> **GIVEN DATA**:
━━━━━━
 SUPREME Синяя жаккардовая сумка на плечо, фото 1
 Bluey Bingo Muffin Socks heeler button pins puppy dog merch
━━━━━━
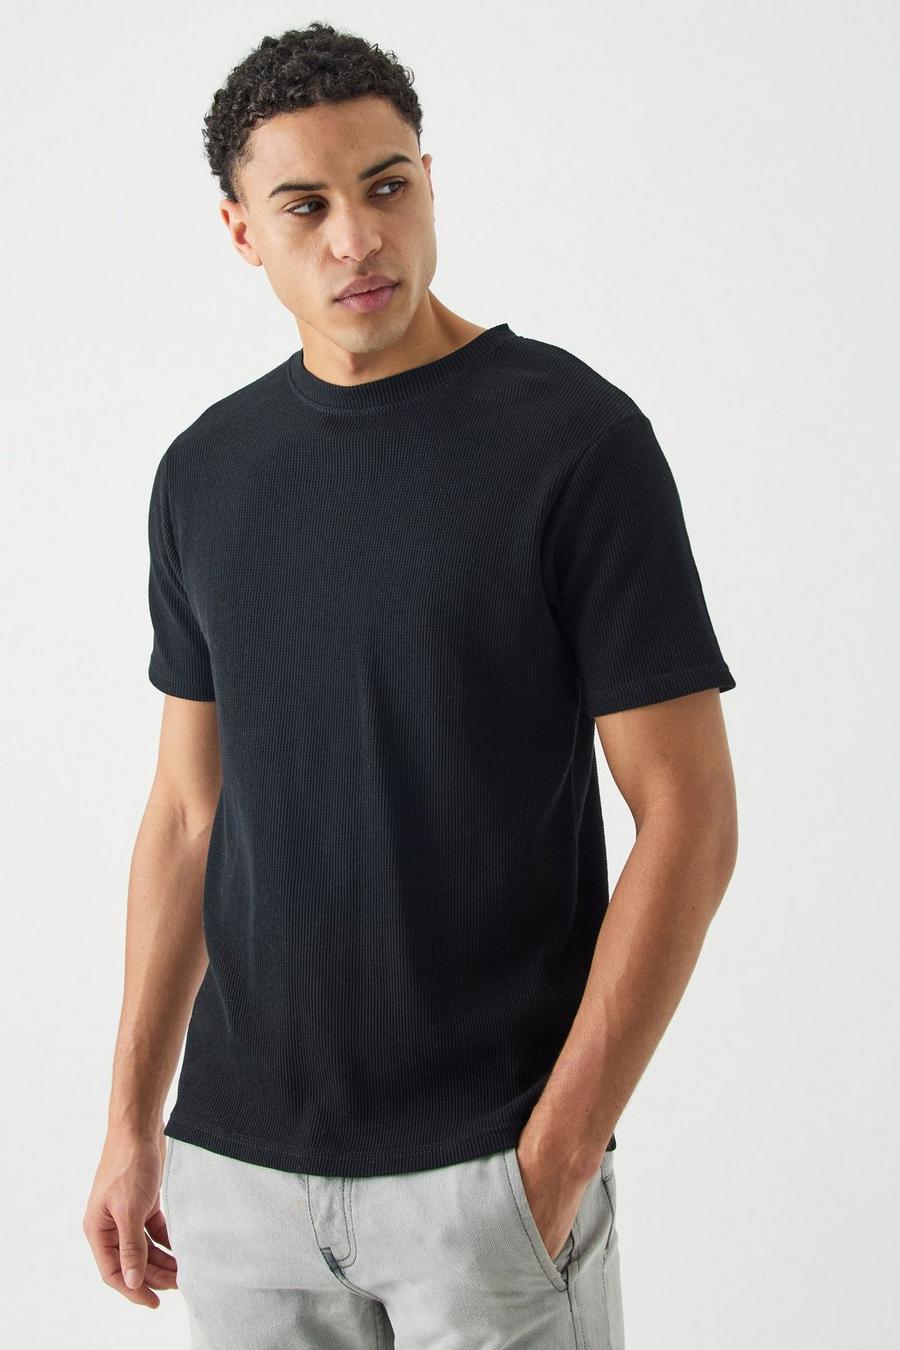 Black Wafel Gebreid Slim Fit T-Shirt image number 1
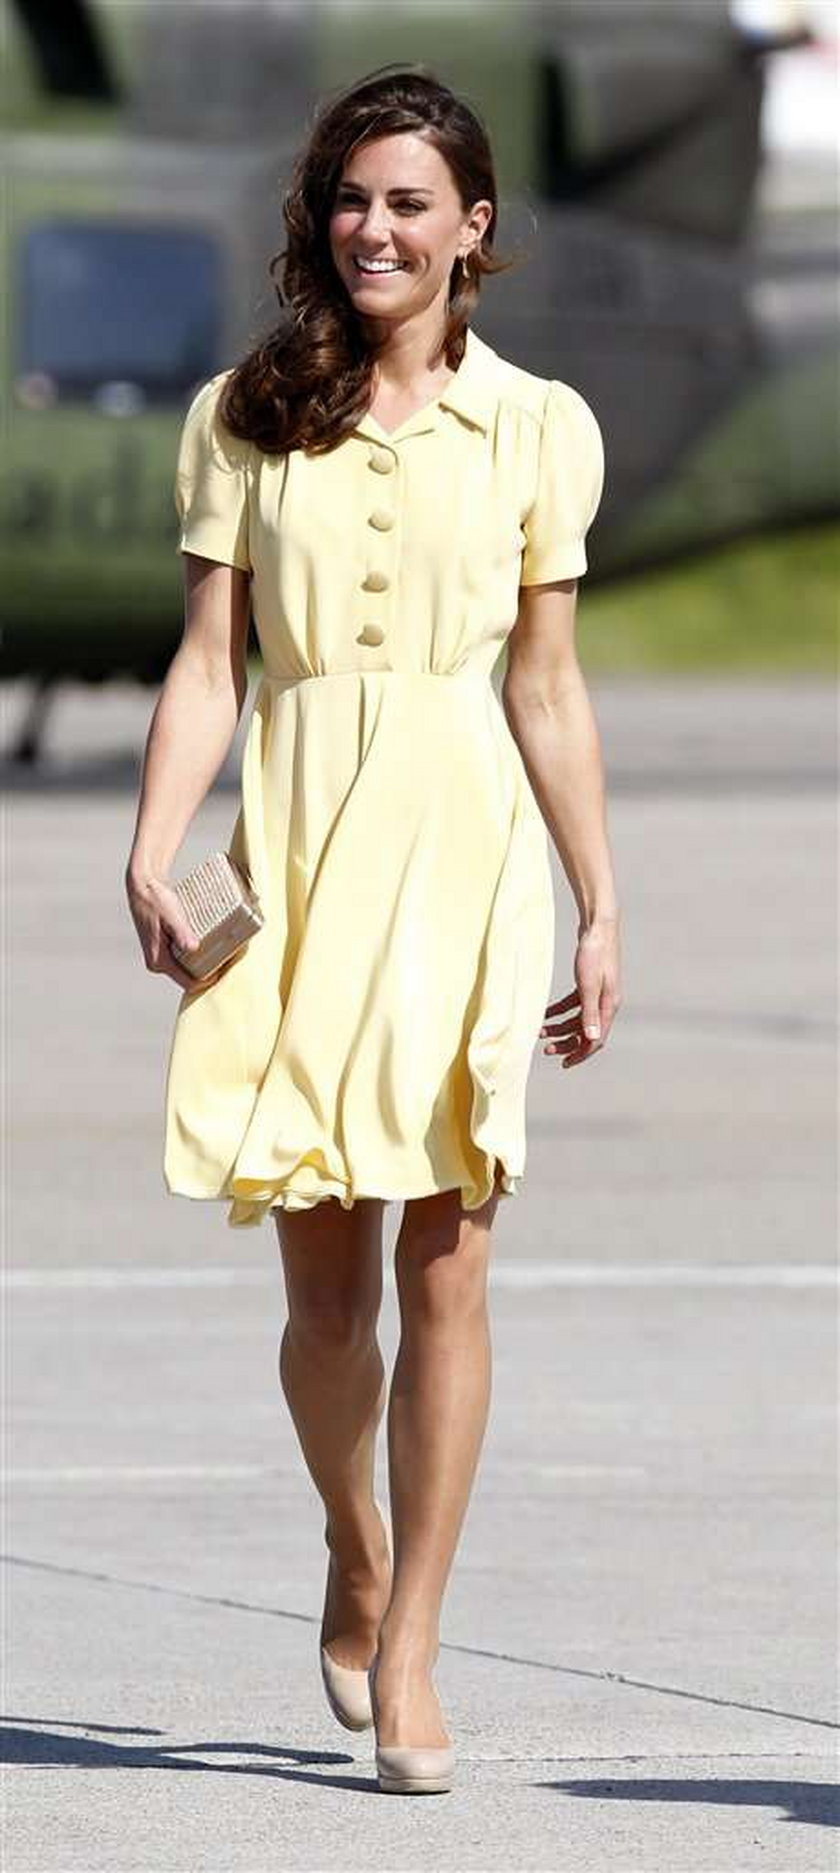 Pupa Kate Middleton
━━━━━━
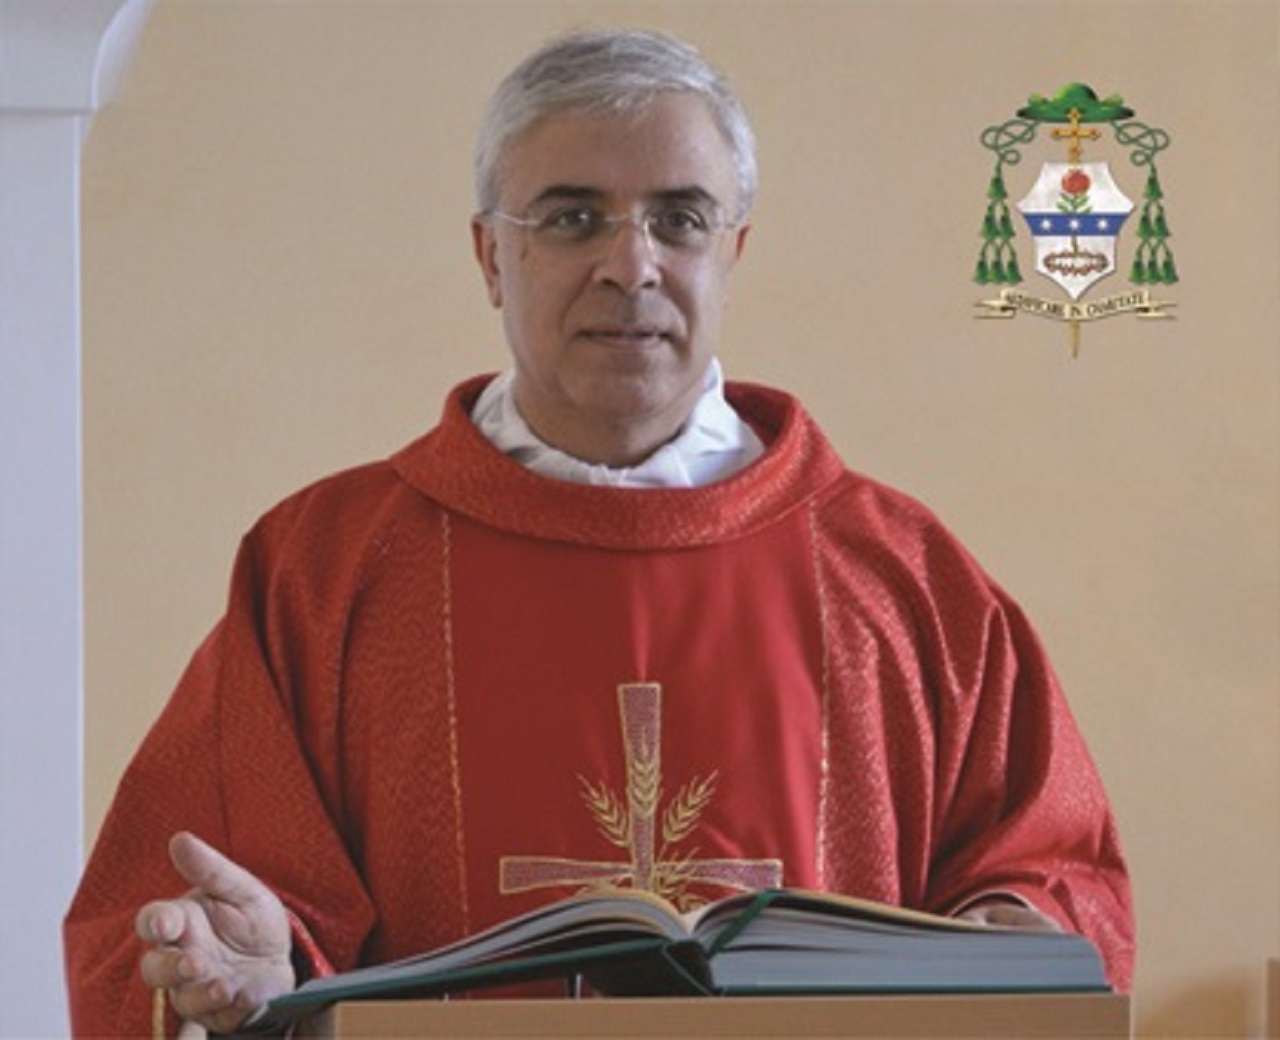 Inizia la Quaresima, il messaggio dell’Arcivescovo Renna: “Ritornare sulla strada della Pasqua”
━━━━━━
> **EXERCISE OBJECTIVE**: Nothing but the lines from the one with "Black Wafel Gebreid" to the one with "Pupa Kate Middleton" above, both included, should be transcribed, exactly and without pictures.

> **ANSWER SECTION**:
 Black Wafel Gebreid Slim Fit T-Shirt image number 1
 Pupa Kate Middleton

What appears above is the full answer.